L’obiettivo dichiarato, come si legge in una nota di Palazzo Chigi, è quello di strappare uno “sforzo straordinario” per arginare gli effetti della crisi, sia nel breve che nel medio periodo. Meloni ha insistito sulla necessità che la direttiva Ets venga ricalibrata per mitigare l’impatto sui prezzi e ridurre la volatilità, un tema che scotta nelle economie domestiche e nelle bollette delle imprese.

Le accuse di Conte: promesse tradite e tasse in aumento

Proprio mentre il governo incassa, per bocca della stessa Meloni, la flessibilità di bilancio concessa da Bruxelles – che permetterà di spendere 14 miliardi in tre anni per far fronte al caro prezzi – Giuseppe Conte ha alzato il tono dello scontro.
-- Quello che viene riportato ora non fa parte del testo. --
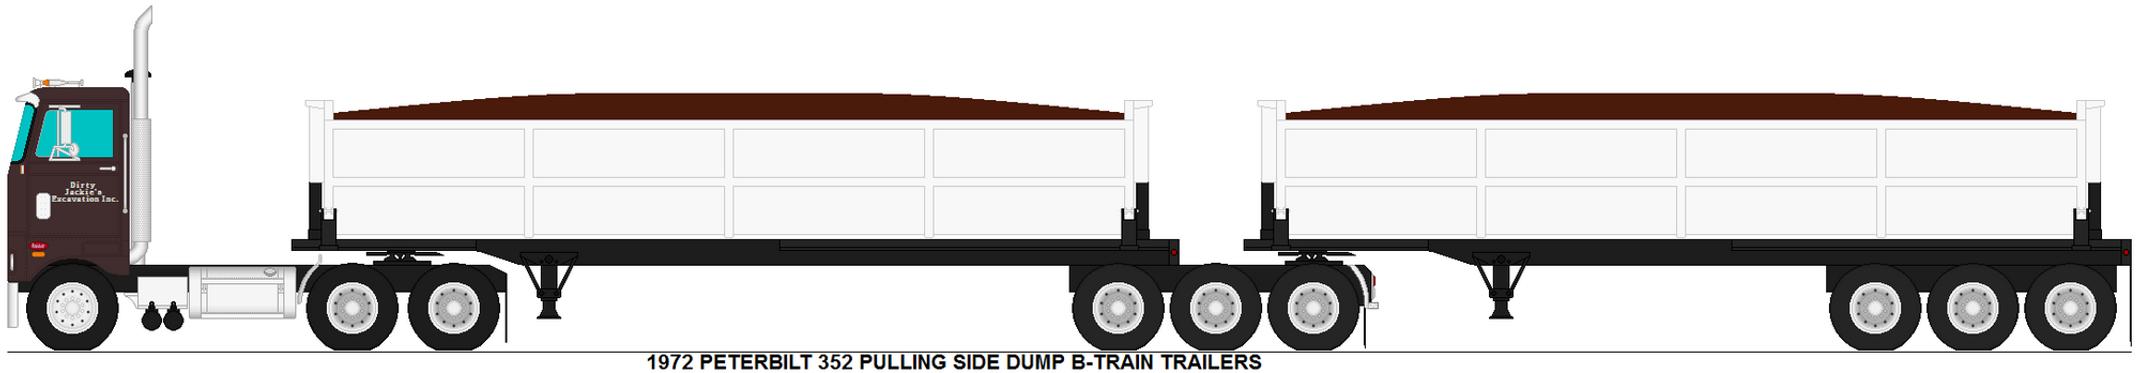 Peterbilt 352 Pulling Side Dump B Train Trailers By

Il leader del Movimento 5 Stelle, intervenendo agli Stati Generali della Sostenibilità, ha parlato chiaramente di “fallimento su fallimento” sulle politiche energetiche.

Con un attacco diretto alla premier, Conte ha ricordato come ai tempi dell’opposizione, ai distributori di benzina, Meloni definisse il peso delle accise un “ladrocinio di Stato”, salvo poi, una volta a Palazzo Chigi, fare marcia indietro. “Poi cosa ha fatto?”, si è chiesto retoricamente l’ex presidente del Consiglio, sottolineando che, non solo è stata invocata la riduzione delle tasse sui carburanti, ma nell’ultima legge di bilancio il governo ha di fatto aumentato le accise.

La partita delle accise e la “pillola avvelenata” dell’Ue

La vicenda delle accise rappresenta, in questo frangente, il paradosso politico più evidente. Da un lato, il governo cerca di mostrare i muscoli a Bruxelles per ottenere margini di manovra, spingendo per tassare meno l’elettricità rispetto al gas naturale, come prevede la bozza di regolamento Ue attesa a luglio. Dall’altro, proprio quella flessibilità ottenuta da Meloni – che molti davano per impossibile – nasconde secondo Conte una trappola.

L’ex premier ha definito “pillola avvelenata” la decisione europea di vincolare queste nuove risorse esclusivamente a investimenti green. In pratica, l’Europa concede i soldi per lo sforamento del deficit, ma solo a patto che vengano utilizzati per la transizione ecologica, quella stessa transizione che la maggioranza di destra aveva spesso bollato come ideologica. Un diktat che, nelle parole di Conte, “distrugge quattro anni di governo”, costringendo l’esecutivo a finanziare proprio quelle politiche che aveva promesso di osteggiare.

Le regole Ue sulle bollette e la sfida dei contatori intelligenti

Nel frattempo, il quadro normativo europeo si fa sempre più stringente. La bozza di regolamento sulla progettazione del mercato elettrico, destinata a vedere la luce a luglio, impone ai governi una riforma fiscale chiara: l’elettricità deve essere tassata meno del gas. Un tentativo di Bruxelles di accelerare la decarbonizzazione e di alleggerire le bollette, riducendo la dipendenza dai fossili.

Per raggiungere questo scopo, l’esecutivo comunitario punta a una rivoluzione tecnologica silenziosa, ma pervasiva: entro il 2030 almeno il 50% degli utenti dovrà essere dotato di contatori intelligenti, con l’asticella che salirà al 65% entro il 2033. L’obiettivo è incentivare i consumi nelle ore in cui l’energia costa meno, scaricando sulla digitalizzazione la responsabilità di ridurre i costi per famiglie e imprese, una sfida che il governo Meloni è chiamato a tradurre in norme nazionali nel corso dei prossimi mesi.